Ingolstadt - Der Titel war schlicht: "Ein Abend mit Iris Wolff und Mehrdad Zaeri" war auf der Leinwand im Erdgeschoss des Museums für Konkrete Kunst zu lesen.

Doch entfaltete sich während des zweiten Abends der Ingolstädter Herbst-Literaturtage am Mittwoch im Gespräch der Fleißerpreisträgerin mit dem Illustrator eine Zeitreise zwischen Morgenland und Abendland, zwischen Außenwelt und Innenleben, zwischen Fakten und Fantasie ein flirrender Kosmos, der das - den Hygieneregeln konform stark reduzierte - Publikum nachdenken, lachen, träumen ließ, zu Fragen und zum Mitmachen anregte.

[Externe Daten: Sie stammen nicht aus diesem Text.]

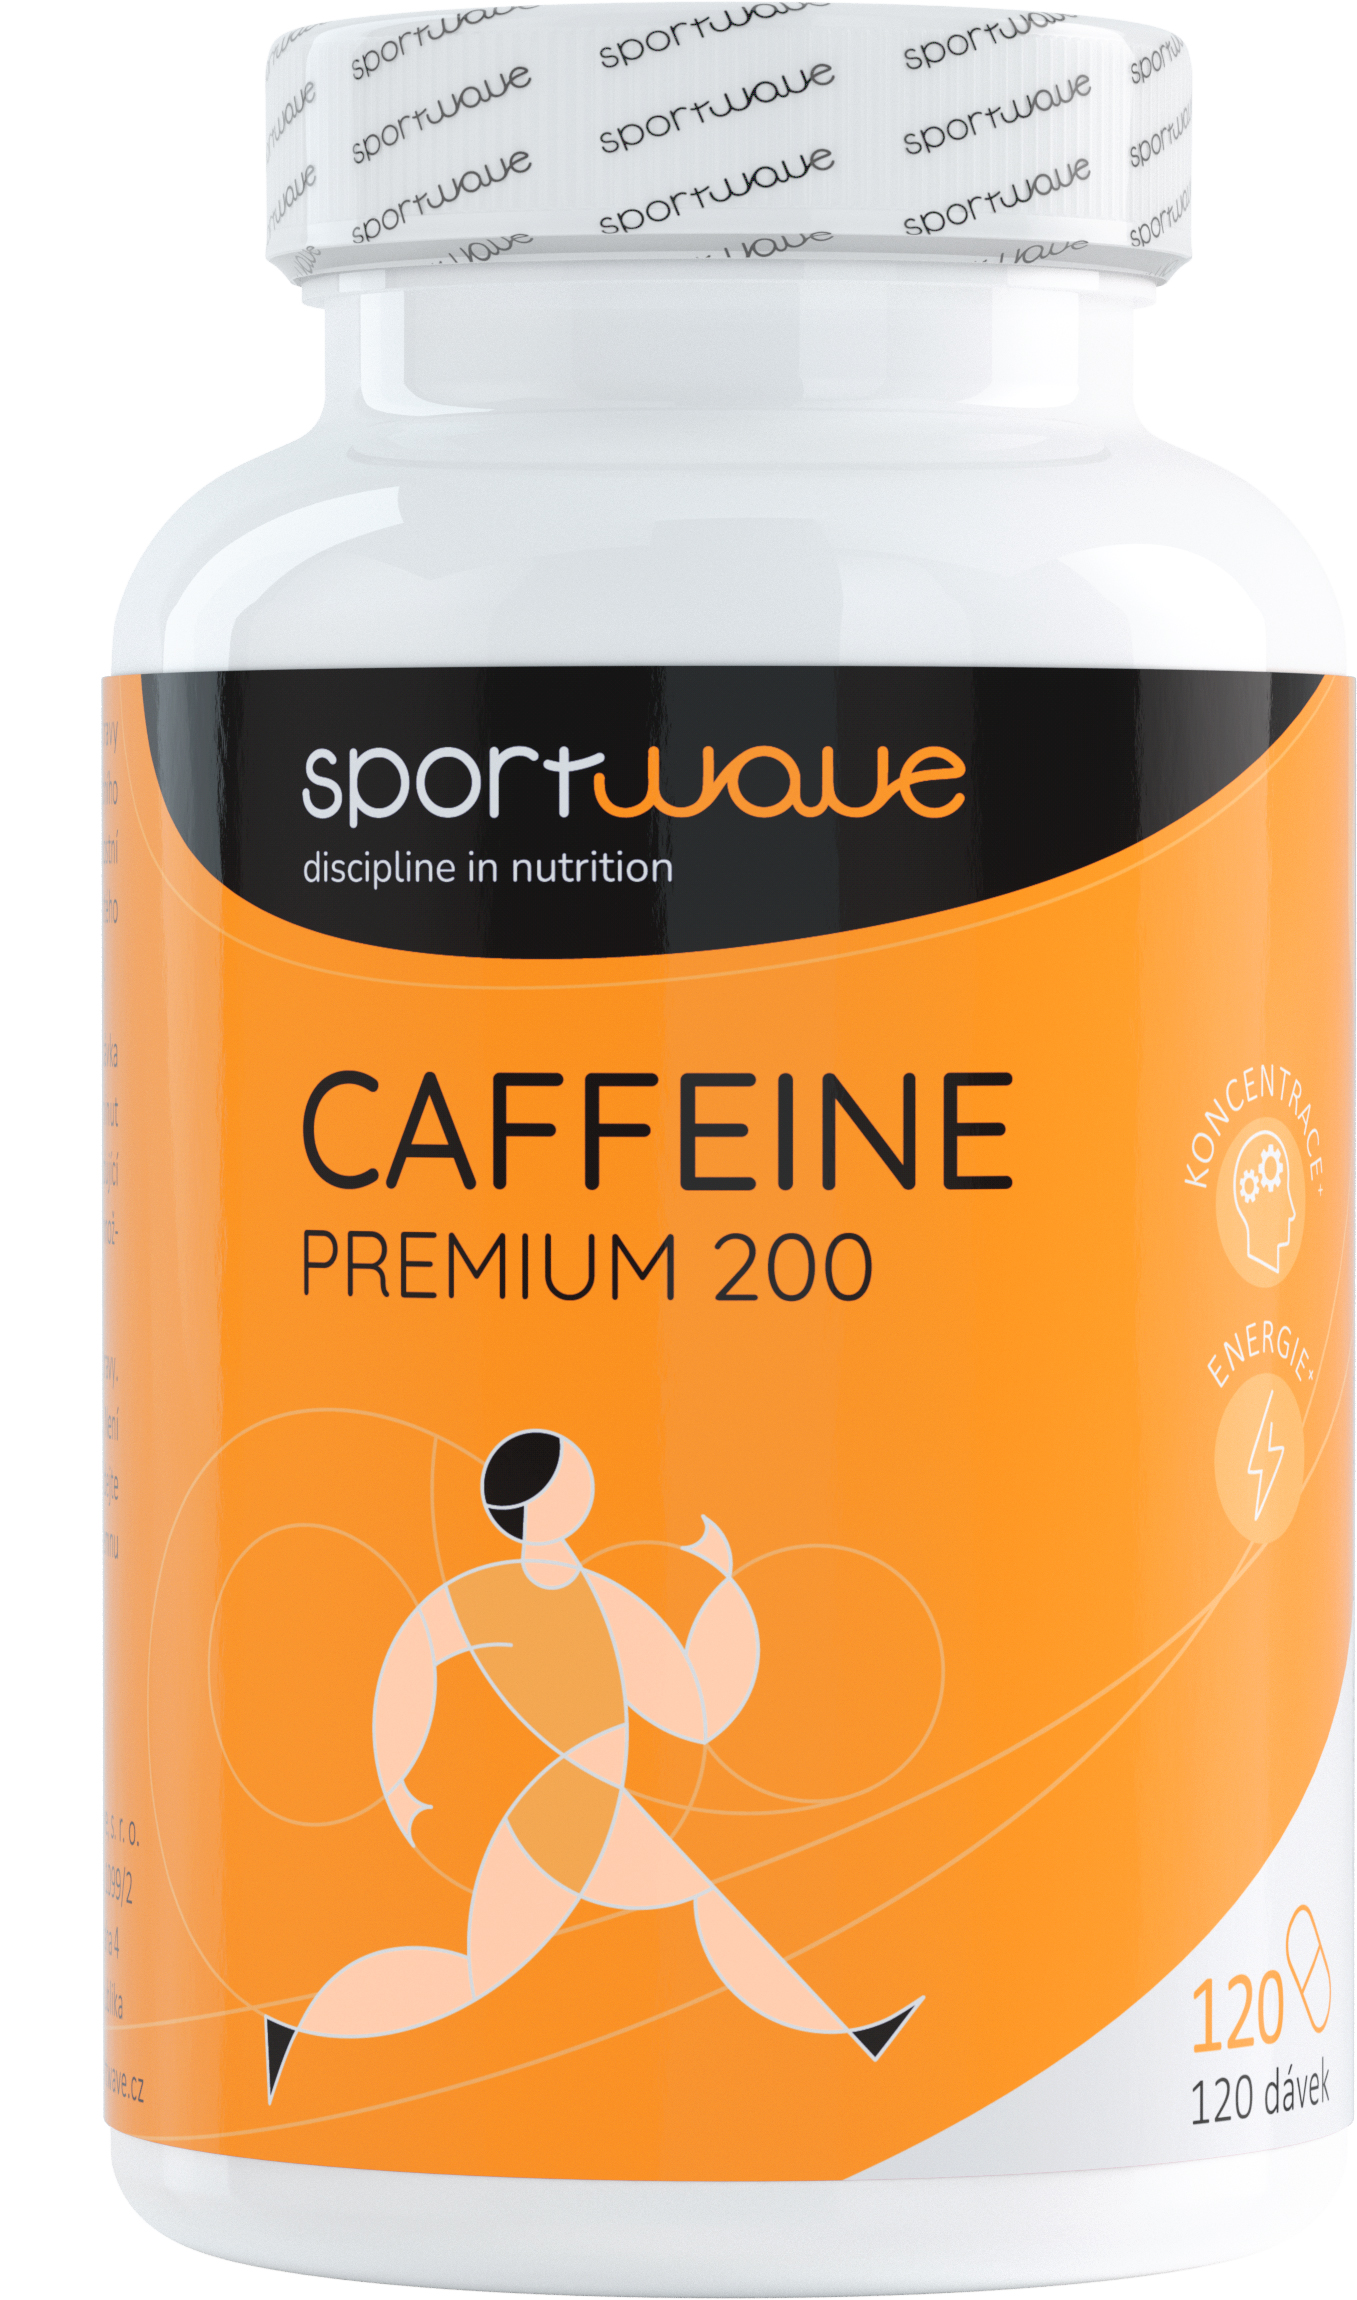 CAFFEINE PREMIUM 200
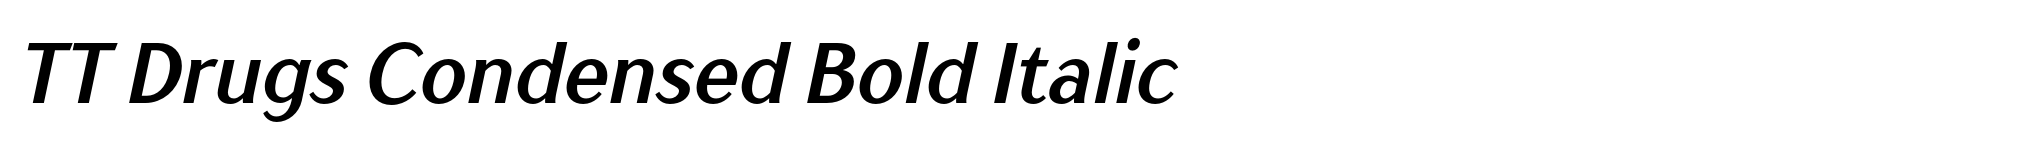 TT Drugs Condensed Bold Italic image

Denn Mehrdad Zaeri stellte gegen Ende des Abends zeichnend unter Beweis, dass er für ein Bild nicht lange überlegt. Er sei stets spontan: "Es beginnt immer mit Kritzikratzel. " Sprach's, verbarg sich halb hinter dem Flipchart und malte dergestalt nicht hinsehend frei Punkte, Halbkreise, kurze Linien. "Was sehen Sie? ", fragte er. Eine Frau, eine Blume, ein Berg, kam es zögerlich. Schon zeichnete Zaeri und erzählte. Die Frau als seine Mutter, mit ihren vier Kindern im Boot, dazu der Vater, das Gepäck, im Hintergrund einen Berg, darauf das Haus im Iran, das die Familie 1984 verließ, dort auch die Großeltern, die Katzen - "es waren wohl an die zehn, die bei uns lebten! "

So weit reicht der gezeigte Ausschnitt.